The Arizona Cardinals rolled into downtown Indianapolis for Week 6 having not allowed more than 23 points in a game this season; the Colts needed all 31 points they scored on Sunday to improve to 5-1. 

It's Saturday night, and the Colts are putting the finishing touches on their preparation for Sunday's Week 6 game against the Arizona Cardinals. At this point, the Colts were well under 24 hours until kickoff.

But for quarterback Daniel Jones, it was another opportunity to get his offense ready for some of the stuff the Cardinals would throw at them on Sunday.

"Pull up Carolina clip 42," quarterback Daniel Jones requests.

He watches the play and prepares his pass-catchers for who he might look to if the Cardinals play a certain way. Arizona's defense presents a different challenge than the Colts have faced up to this point; they're built on disguising things pre-snap and shape-shifting post-snap, making it a challenge for opposing offenses to correctly diagnose what sort of coverage they're playing. That's why the Cardinals entered Week 6 having allowed no more than 23 points in a game this season.

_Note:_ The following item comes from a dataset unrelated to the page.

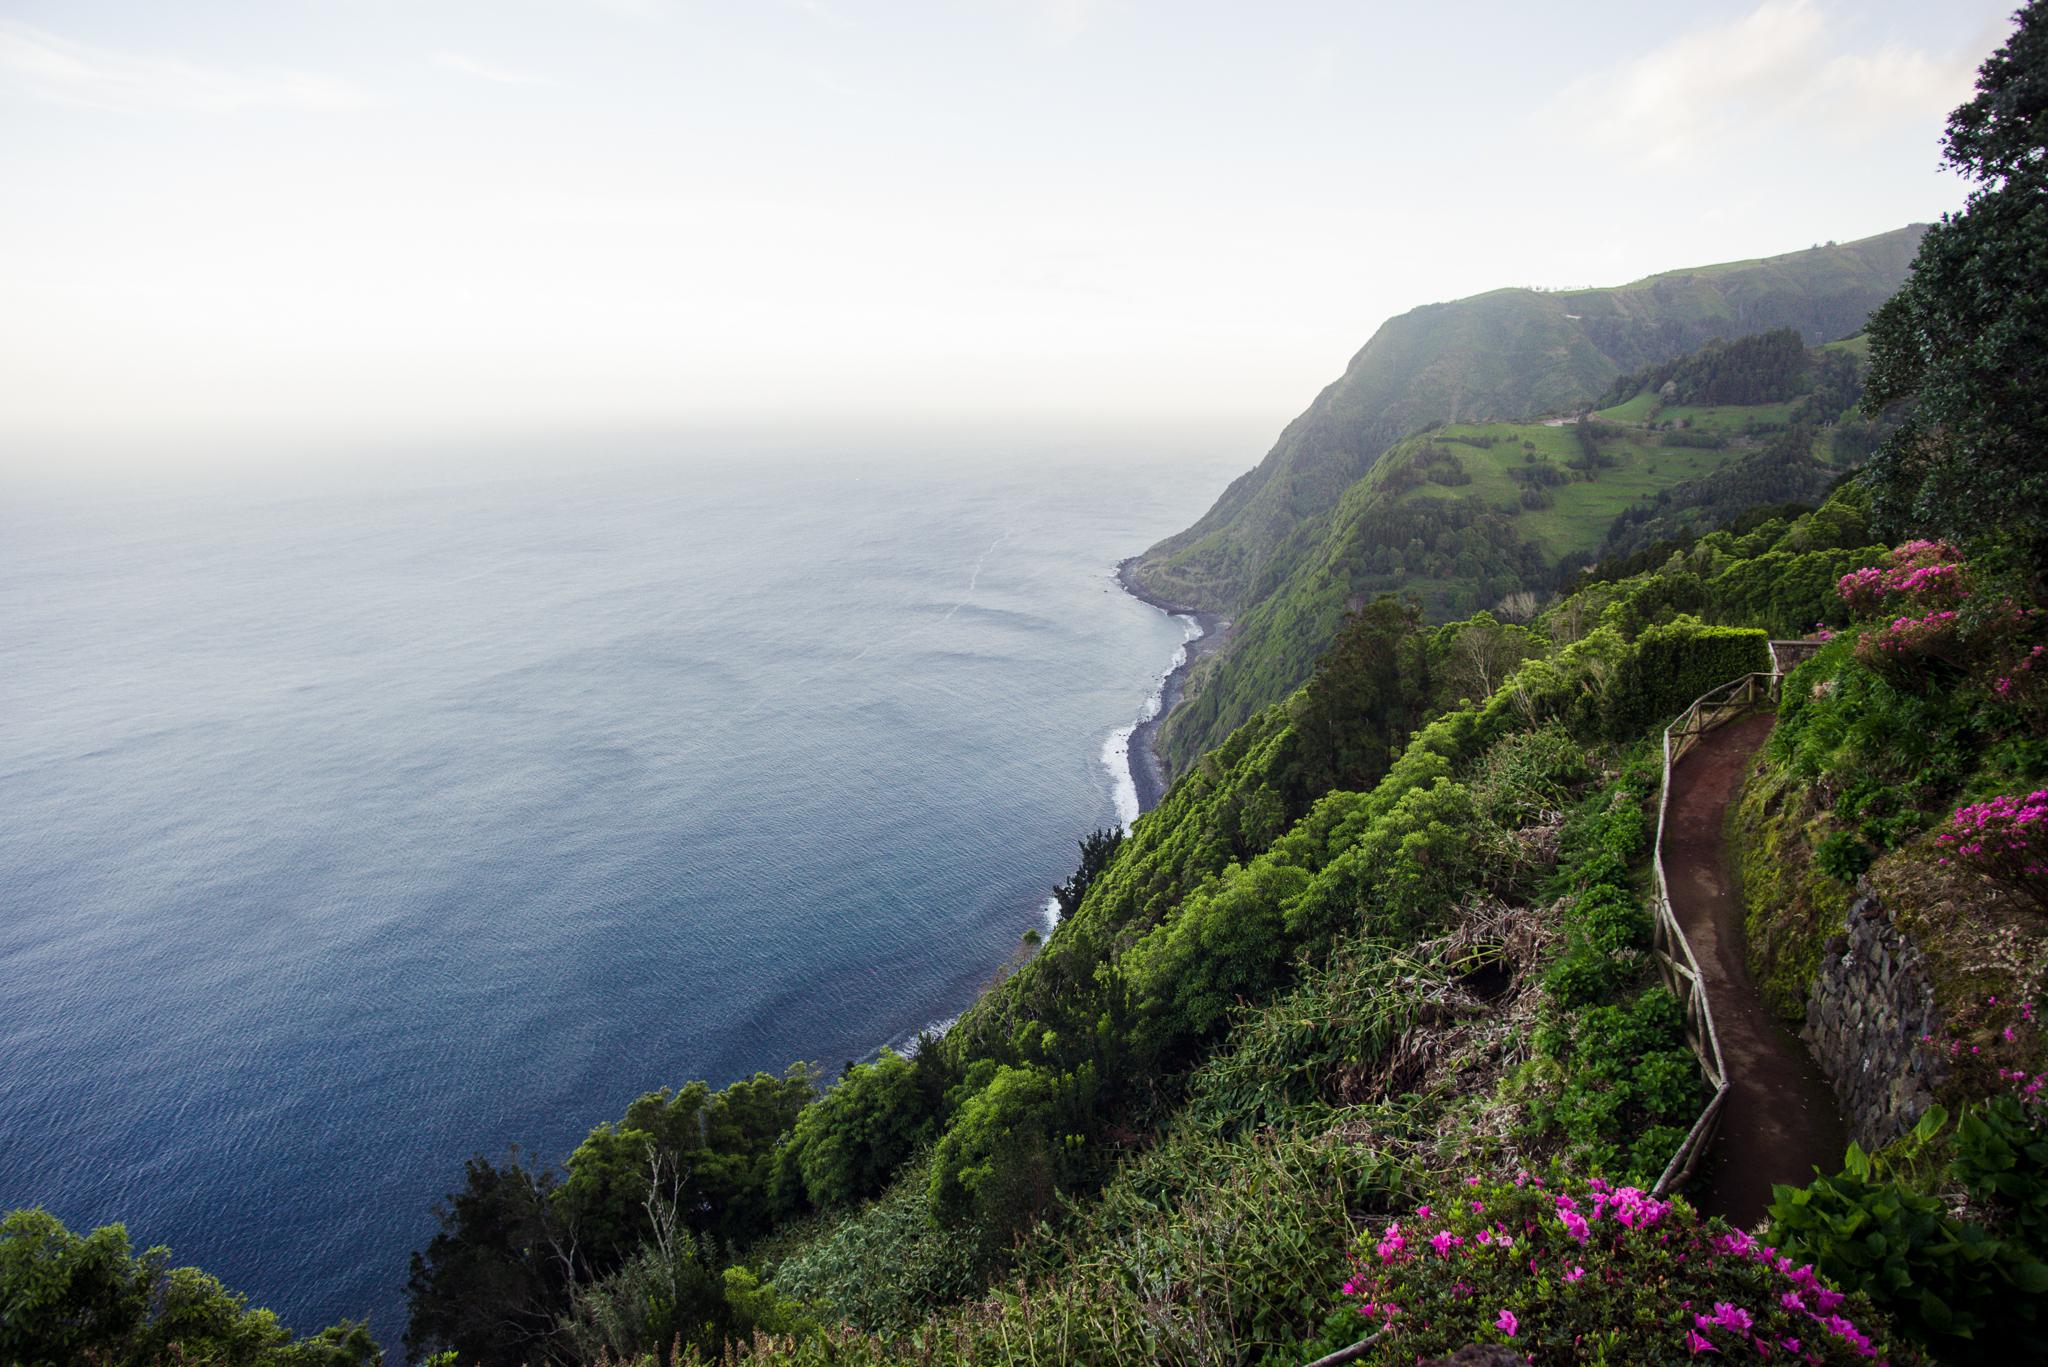 Ponta do Sossego kilátó az Azori-szigeteken.

Jones talks through the clip from the Cardinals' Week 2 win over the Carolina Panthers. Next up: "Carolina, play 38," Jones says.

The thing is, this is nothing new for Jones. This is how he operates. It's the only way he knows how to operate as a starting quarterback.

And it worked. Again.

Jones' preparation showed up in a magnificent way on Sunday, as he overcame an early interception to dice up Arizona's defense in the Colts' 31-27 win. Jones completed 22 of 30 passes for 212 yards with two passing touchdowns, one rushing touchdown and a passer rating of 101.0; he's now had a passer rating over 100 in five of his six games this season.

"He'll go through a ton of stuff," wide receiver Alec Pierce said of those Saturday night prep sessions. "He kind of gives us every look — hey, we got this play up here. It'll be like say it's me and (Josh Downs), he's like 'Hey, J.D., I'm looking for you here on this and then if they go this coverage here, AP, be ready.' So it's pretty cool how he really breaks it down.'"

While the Colts' offensive brain trust – head coach Shane Steichen, offensive coordinator Jim Bob Cooter and the team's assistant coach all have a hand in this – has created plenty of opportunities for Jones to throw to an open receiver, the Cardinals' defense forced Jones into making several tight-window throws against looks designed to confuse him. Those throws require not only accuracy, but trust – the sort of trust that's build through meticulous preparation.

"He made some big-time throws," Steichen said.

The Cardinals, prior to Sunday, were fourth in the NFL in scoring defense (19.2 points allowed per game), with that number built on stopping offenses in critical situations: Arizona was seventh on third down (34.3 percent conversion rate allowed), fourth in the red zone (47.1 percent touchdown rate allowed) and second on goal-to-go (50 percent touchdown rate allowed).

The Colts on Sunday converted half of their third downs and turned all four red zone/goal-to-go possessions into touchdowns (they've now scored a touchdown on 10 consecutive red zone possessions).

Week 6's 31 points brought the Colts' season total to 194, the most any Indianapolis Colts team has scored in the first six games of a season since moving here in 1984; it's the third-most in total franchise history behind only Johnny Unitas' Baltimore Colts in 1964 (203 points) and 1958 (234 points).

That success only happens if an offense is, collectively, thinking about things and then reacting to them the same way. And it happens when a quarterback is as prepared – and is able to communicate that preparation to his teammates – as Jones, consistently, is.

"He's just all over it," Steichen said. "That's the preparation, and that's what you want at that position."

But for Jones, this is nothing new. The Cardinals presented a different kind of challenge for him and the Colts' offense, but it wasn't one that changed how much he prepares – because he already prepares plenty before games, whether it's early in the week, before and after practices or Saturday shortly before bedtime.

"I've always spent a lot of time with it," Jones said. "I don't really do too much besides this stuff."